MAURYA-SUNGA 270-175~150 BC punchmarked karshapana
$20.00
MAURYA-SUNGA, time of Ashoka and successors, 270-175~150 BC, punchmarked karshapana, Obverse: five marks, Reverse: one mark, rectangular, silver, 13x16mm, 3.13g, series VIb, GH574, F
1 in stock
Description
Mauryan karshapanas used a system of applying 5 punches on one side of the coin, and 1 or 2 marks on the other side. There are also banker test marks. The catalog we use here is Ancient Silver Punchmarked Coins of the Magadha-Maurya Karshapana Series, by P.L. Gupta and T. R. Hardaker.
Bureaucratic governing systems emerged when people who didn’t know each other personally were interacting in ways other than war. Coins were developed to keep track of the mutual satisfaction factor in trades. In northern India bureaucratic governments emerged before the 6th century BC. They were family based. Families of a certain size we like to term “tribal.” In northen India the earliest “tribal” states are called “janapada.”
In 187 BC Pushyamitra Sunga usurped the Mauryan throne. At that point in time the Empire had shrunk most of the way back to Magadha, from which it had sprung.

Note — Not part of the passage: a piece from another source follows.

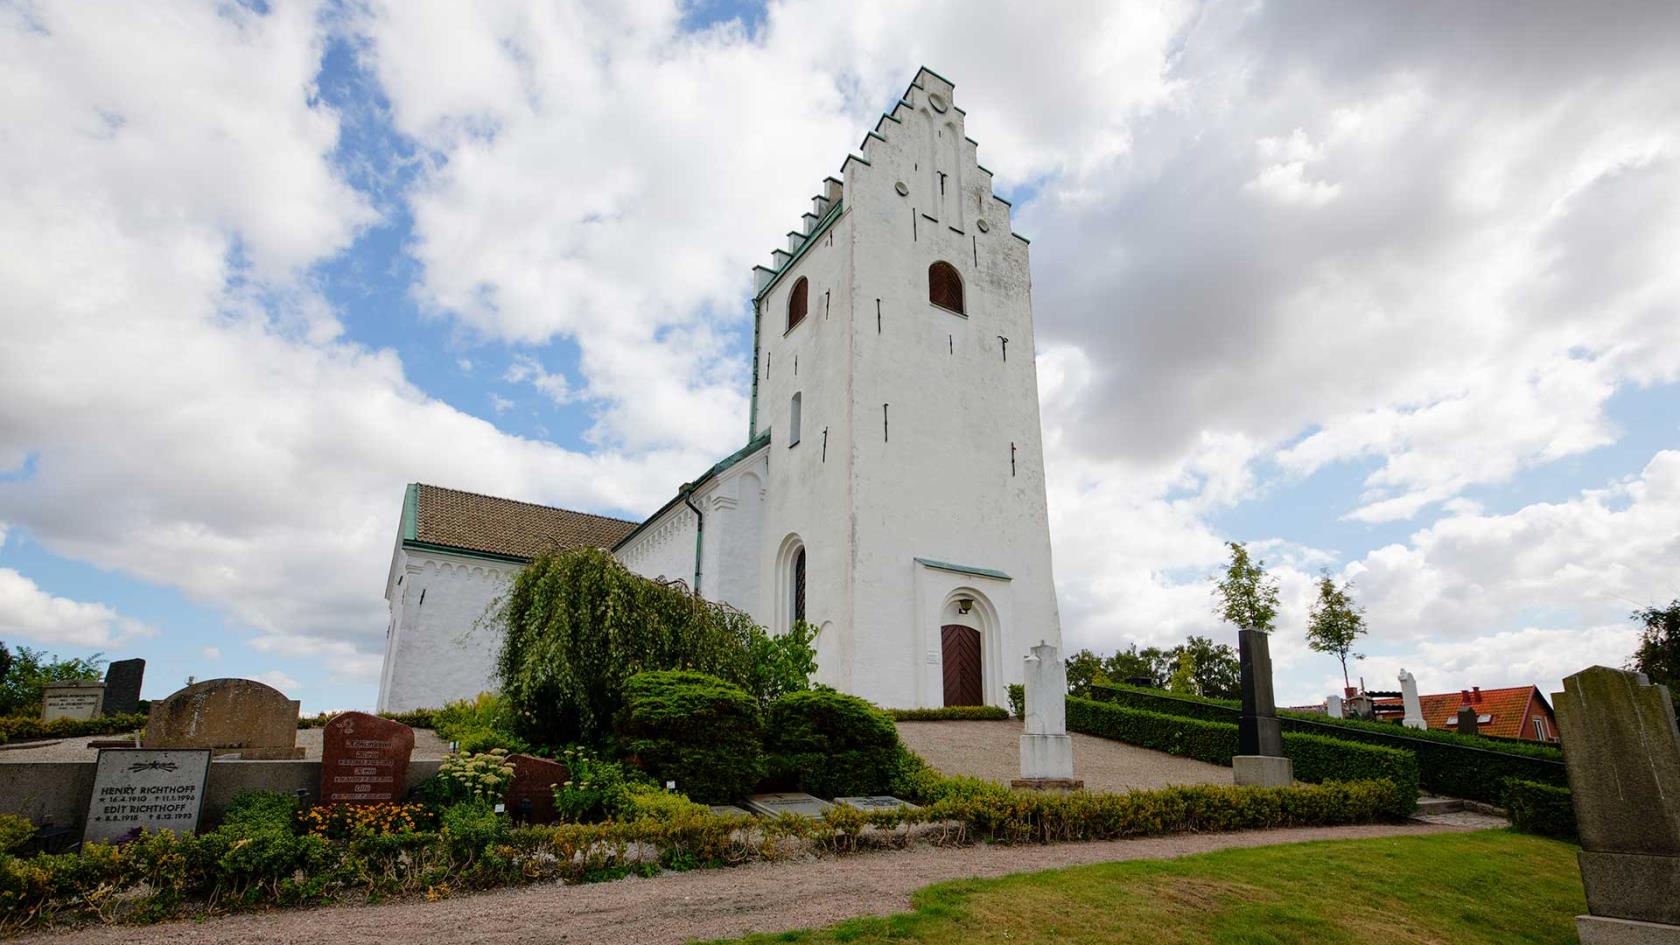 Vitkalkad kyrka med torn med trappstensgavel ligger uppe på en kulle. Runt om finns gravstenar, gräs och grusgångar.

The earliest ancient Indian coins were the “bent bar” punchmarked silvers of the Achaemenid Persians occupying Gandhara in northwest Pakistan. By the 3rd century BC coins were in general use in most of India and Ceylon, and in subsequent centuries struck round coins in gold, silver, and copper came into use throughout the subcontinent and beyond to Southeast Asia and Pacific islands to Java and beyond.